Ieyoshi became a pupil of the provisional middle counselor Fujiwara no Teika at an early age and excelled in waka. The Kinugasa Naifu Kanan Shi, a letter from Teika to Ieyoshi, contains Teika's critical assessment of his poetry. While in office he submitted poems to poetry contests (uta-awase) and maintained ties with poets such as Hamuro Mitsutoshi and Konoe Motohira; a record survives of him discussing waka with Motohira in 1262.

At Retired Emperor Go-Toba's forty-five-round poetry contest of 1215, Ieyoshi was paired against Bōmon Tadanobu, a close attendant of the retired emperor, and received a harsh judgment of defeat by consensus. This is attributed both to Tadanobu's standing as a court favorite and to Ieyoshi's branch of the Konoe family being relatively distant from poetic circles.

After 1218, Ieyoshi did not submit poems in public settings for a long period, likely owing to the disruption of the Jōkyū War and to the fact that poetic activity at the time centered on the Kujō family rather than his own house.
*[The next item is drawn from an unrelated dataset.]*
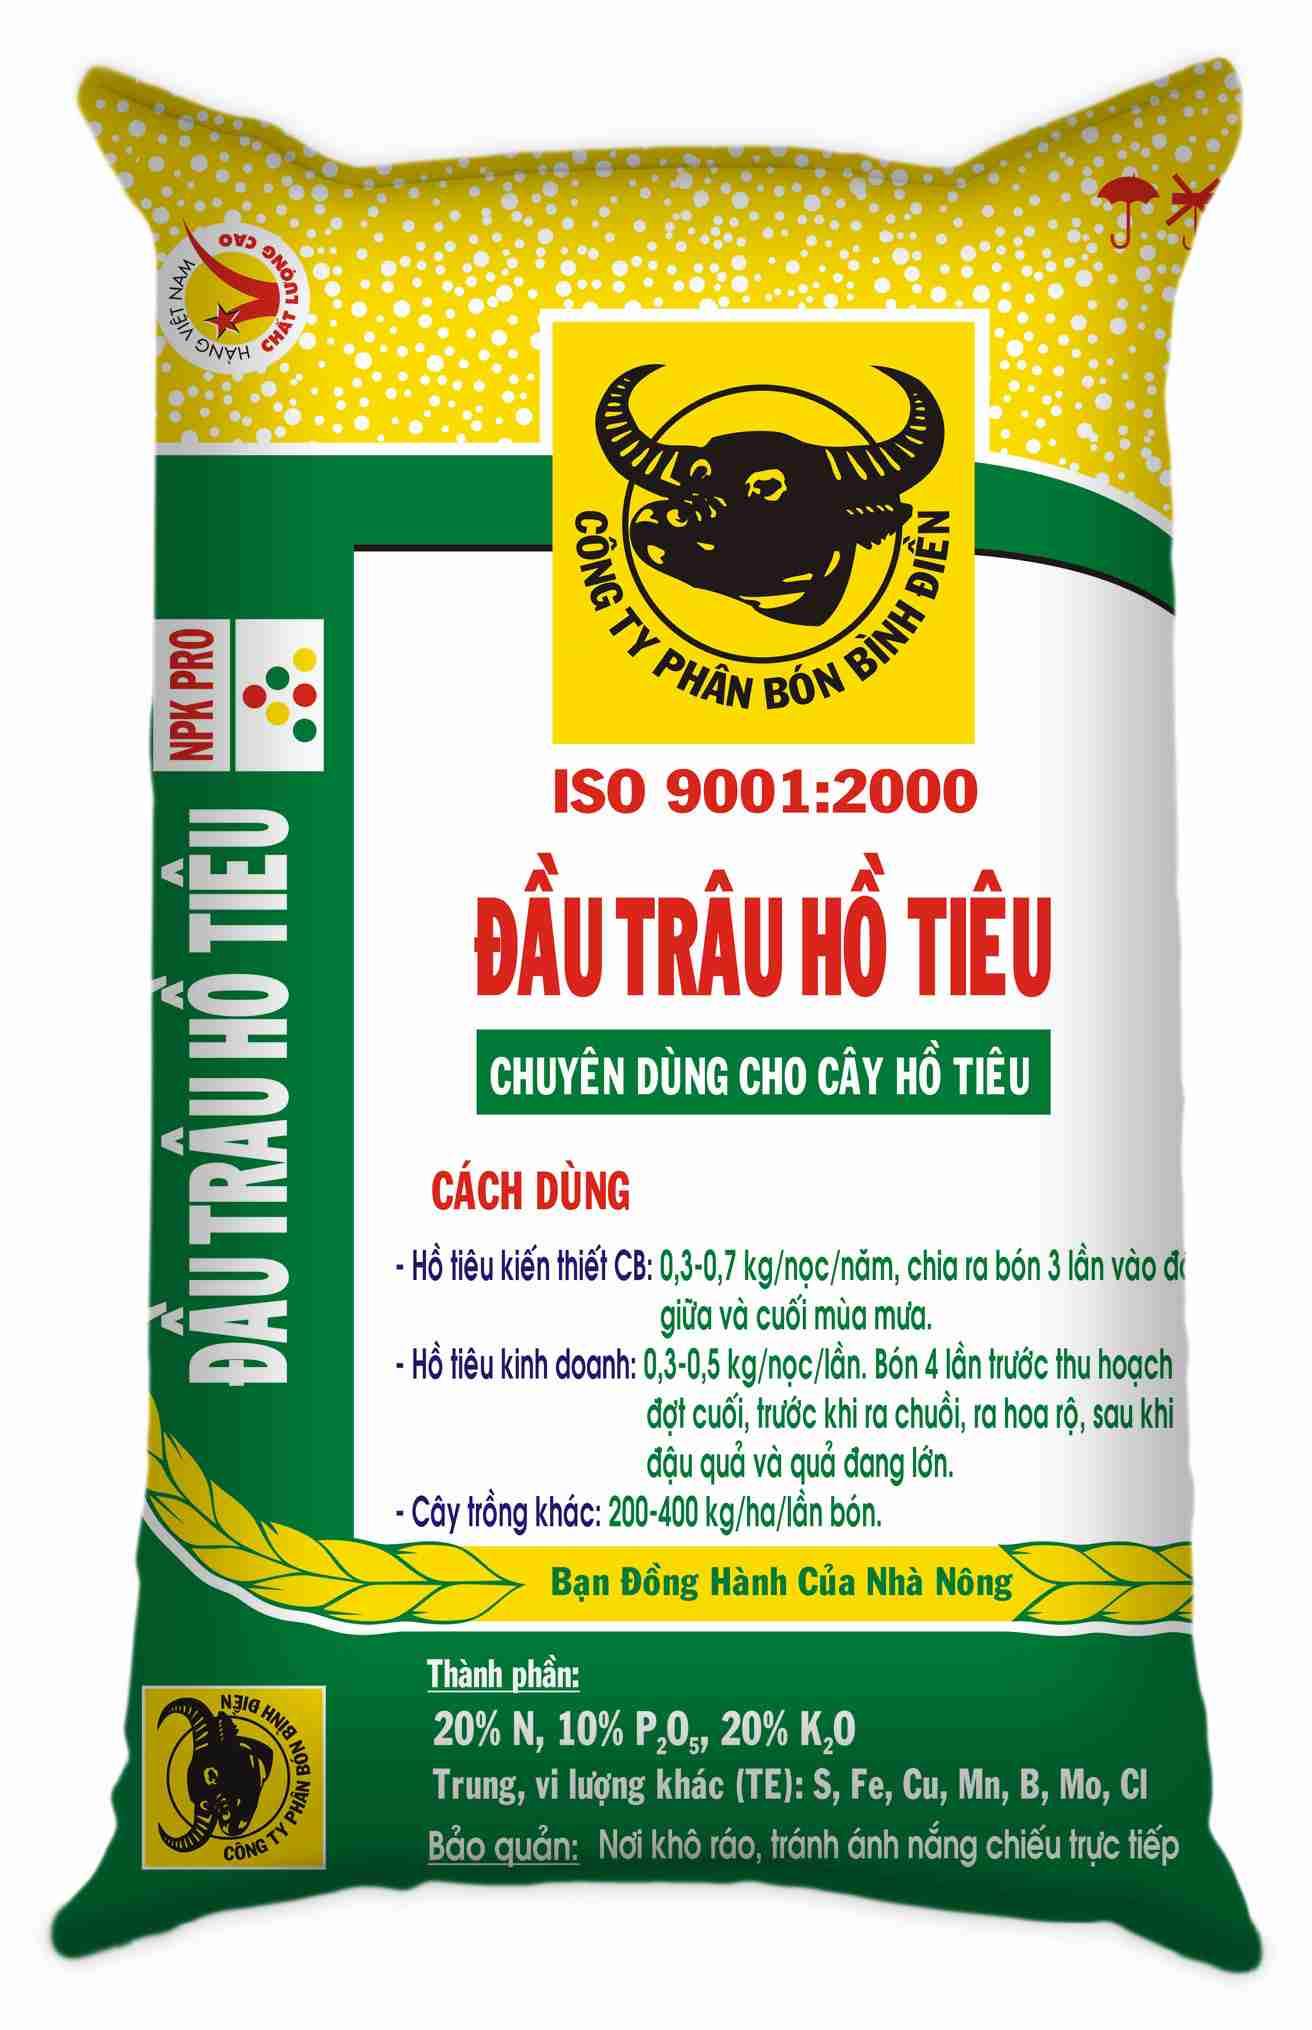 Bao bì phân bón - Công Ty TNHH Nhựa Bao Bì Phan Công

He resigned as Inner Minister in the fourth month of 1242, and after Teika's death that August, devoted himself chiefly to compiling anthologies, including the Mandaishū. In his final years he served as one of the compilers of the Shoku Kokin Wakashū. His personal poetry collection is known as the Kinugasa Naifu Ei (Collection of the Kinugasa Inner Minister), and 118 of his poems were included in imperial anthologies from the Shin Chokusen Wakashū onward.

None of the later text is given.